The idea of the normal atlas relies upon leveraging anomaly detection algorithms used in machine learning to detect outliers in a dataset. One-class classifiers are best suited for this task. Due to the complex nature of the data, we selected Isolation Forest²⁰ and one-class SVM²¹ as the abnormality detection mechanisms in this study. Isolation Forest isolates anomalies by constructing a random forest of decision trees. It identifies outliers by measuring how easily instances can be isolated in the tree structures, where anomalies are expected to require fewer splits to be separated from the majority of the data. One-class SVM, on the other hand, builds a model based on the characteristics of the majority class and then classifies instances as either belonging to that class or being outliers, making it particularly useful when dealing with imbalanced datasets. Both methods were presented with a series of deep features obtained from normal patches. The fitted classifiers were then used to classify normal and abnormal in a given set of deep features they had not seen before. Data preprocessing included tissue segmentation, patching, and color normalization. The tissue segmentation was carried out using an in-house trained U-NET segmentation model. This model is trained on low magnification thumbnails of WSIs only to segment the tissue vs background. This model is not intended to differentiate normal and abnormal parts of the tissue. After removing parts of the WSI with background only, patching was done at 20 × magnification with a patch size of 1024 by 1024 and an overlap of 30% between adjacent patches, both in height and width. A minimum of 75 percent patch area coverage was selected as the criteria for excluding patching with insufficient tissue. All patches were separately fed to three different deep networks to obtain the deep features. These networks included one convolutional neural network with the architecture of DenseNet121 specifically trained on pathology patches named KimiaNet¹³, one pre-trained vision transformer using a method named DINO, and another convolutional neural network with the architecture of ResNet50 trained using the same DINO approach¹⁵.
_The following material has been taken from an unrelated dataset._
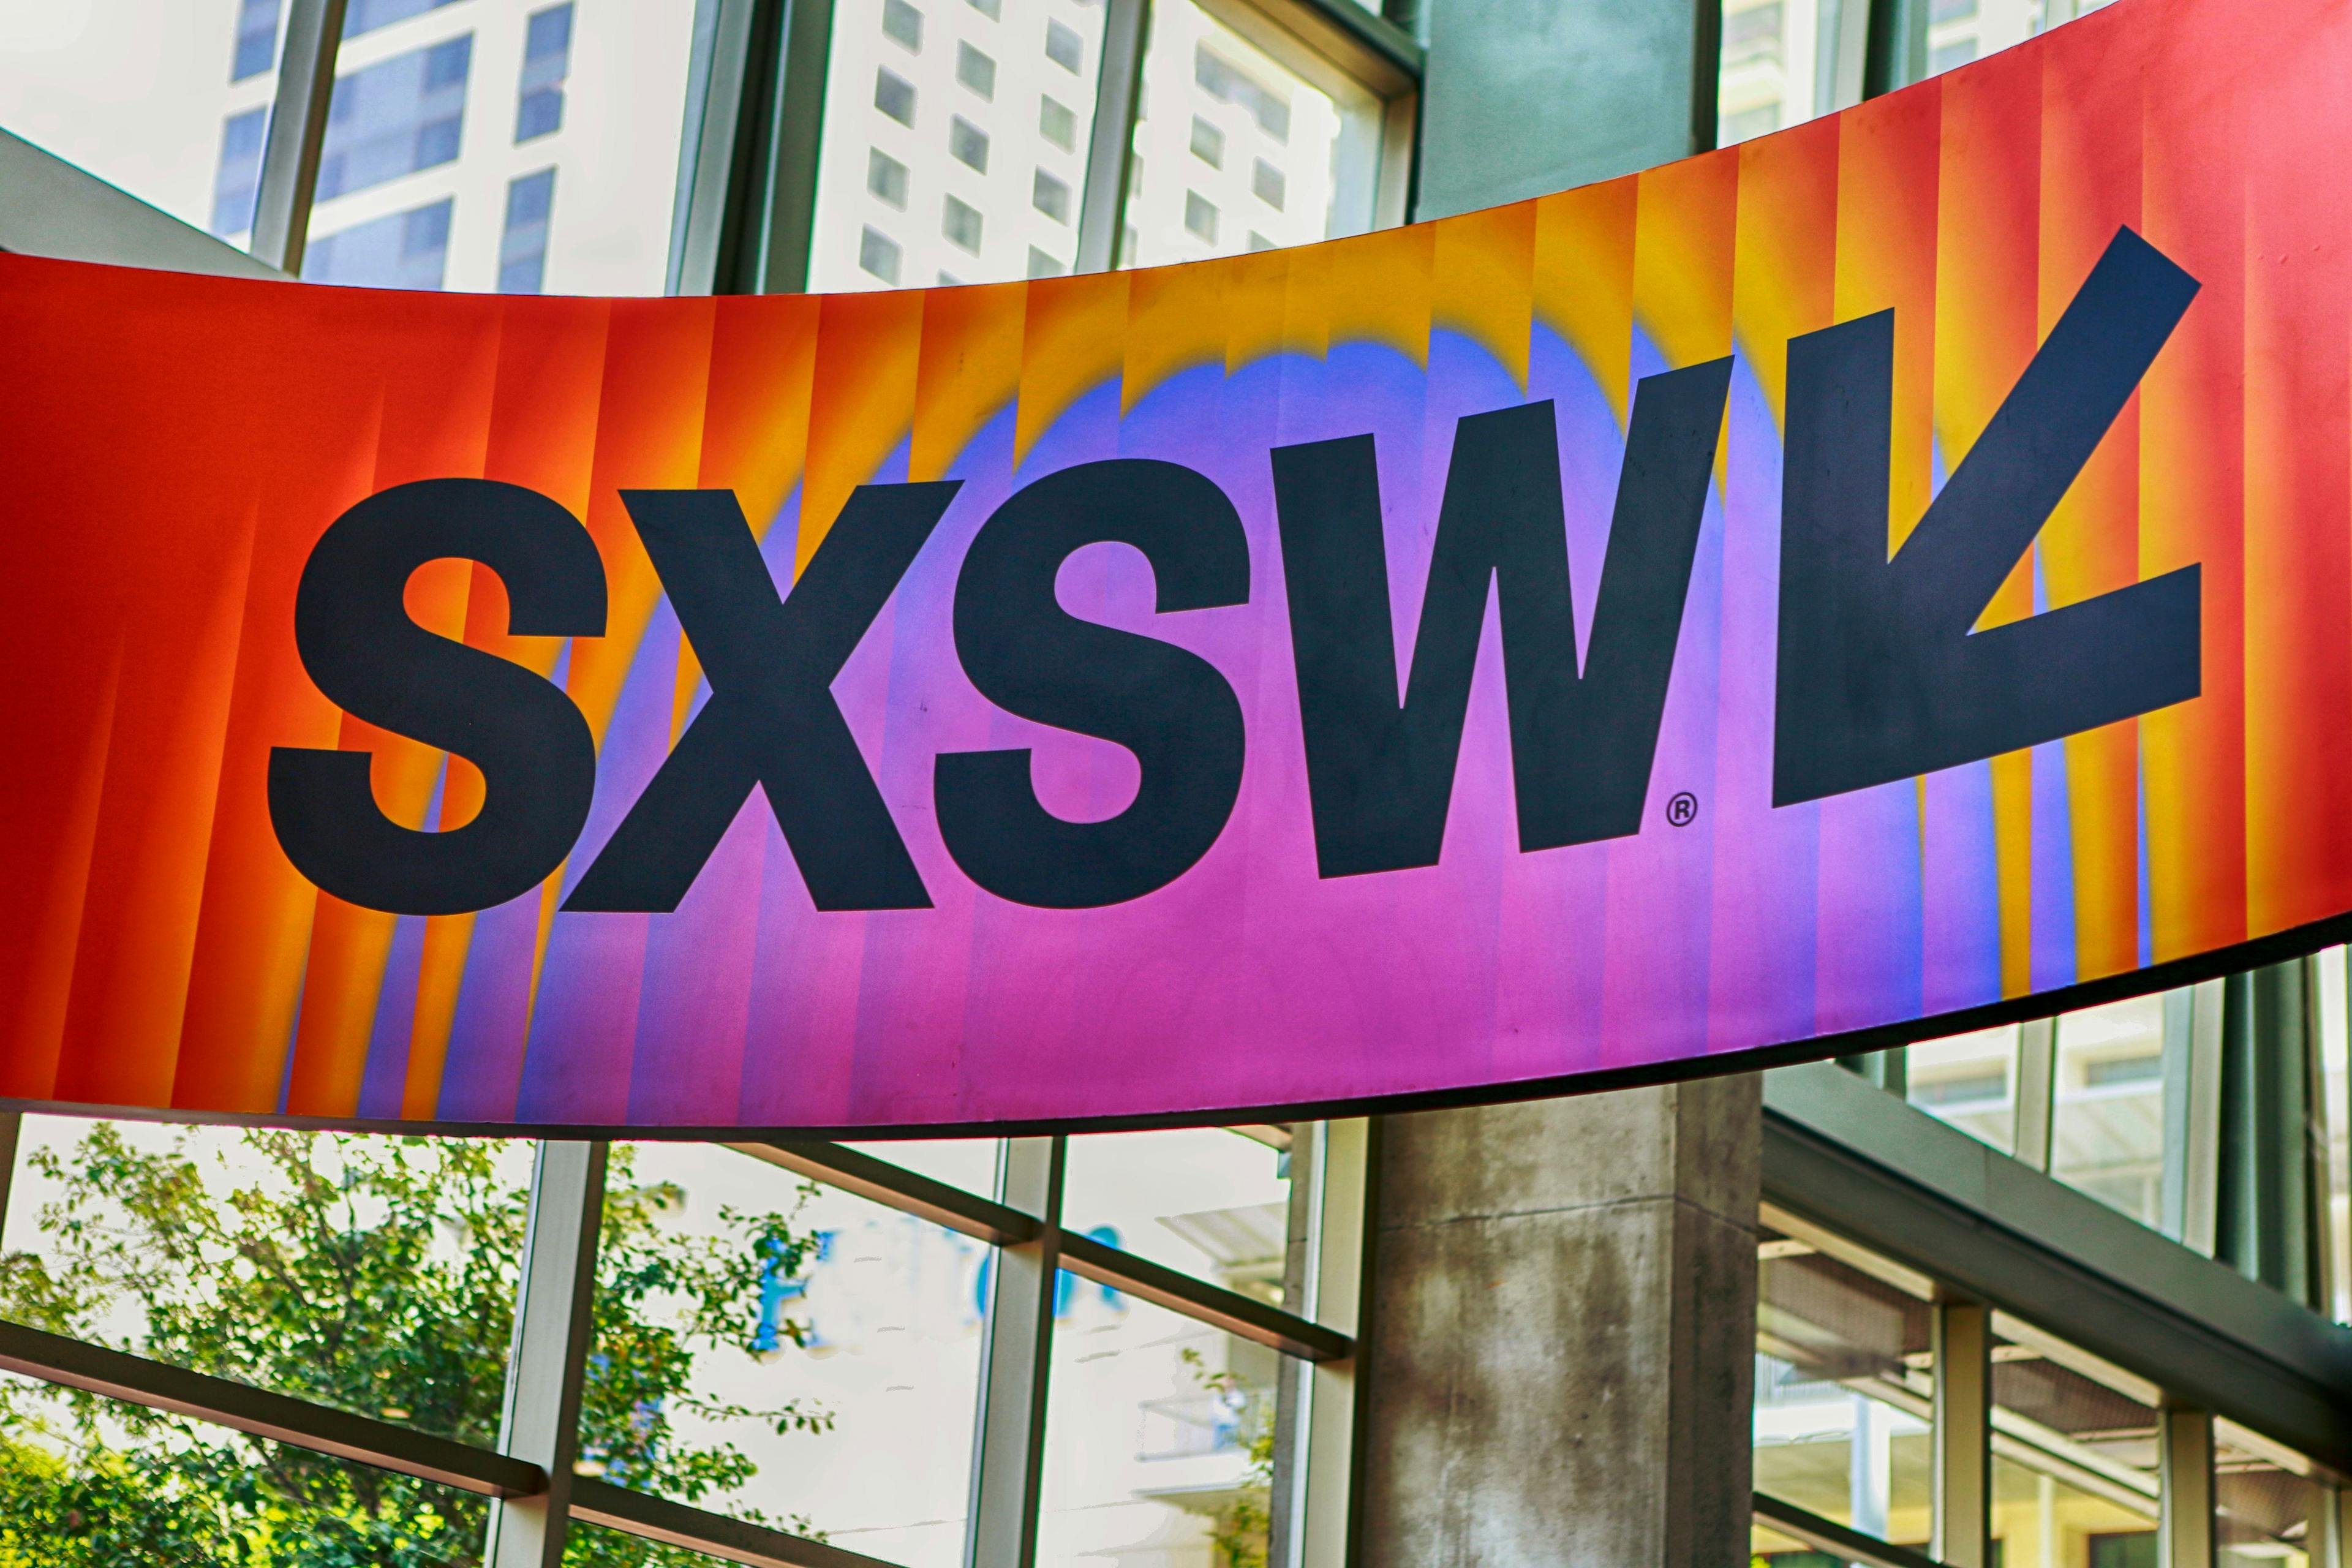 SXSW: South by Southwest Music Festival - famous music festivals in the world RatePunk

When training the one-class classifiers with the normal data, the sample was assumed to be contaminated with some abnormal data. In the context of normal WSIs, this may include artifacts, tissue folds, stain sedimentation, pen markings, and out-of-focus slide areas. Both Isolation Forest and one-class SVM use methods to incorporate this assumption. One-class SVM utilizes a factor called ν to set an upper bound on the fraction of margin errors and a lower bound on the fraction of support vectors relative to the total number of training examples²². We set ν = 5% of the total cases according to the expert’s opinion and let the Isolation Forest classifier deduct this parameter automatically according to the method described in the original paper²⁰. The pseudocode of creating and using the normal atlas is outlined in algorithms 1 and 2. The pipeline of creating the normal atlas is also visually shown in Fig. 1. We used the Python library SciKit Learn for the implementation of Isolation Forest and one-class SVM²³. All the experiments were executed on a Linux-based server with two AMD EPYC 7413 CPUs and one NVIDIA A100 GPU with 80GB memory. The GPU was used for inferring deep features from the patches. Training One-class classifiers and using them as predicted were handled on the CPUs along with index and search.

The general workflow of creating the normal atlas: (a) Normal WSIs are generated by scanning slides of known normal tissue biopsies, (b) Deep features of normal WSIs are obtained by passing the patches from each WSI through a deep network; the resulting deep features are stored in the normal atlas, (c) The constructed normal atlas is used to differentiate normal vs. abnormal deep features from unknown patches obtained using the same preprocessing and feature extraction method.

Algorithm 1 — Pseudocode for creating the normal atlas given a set of normal WSIs I_N.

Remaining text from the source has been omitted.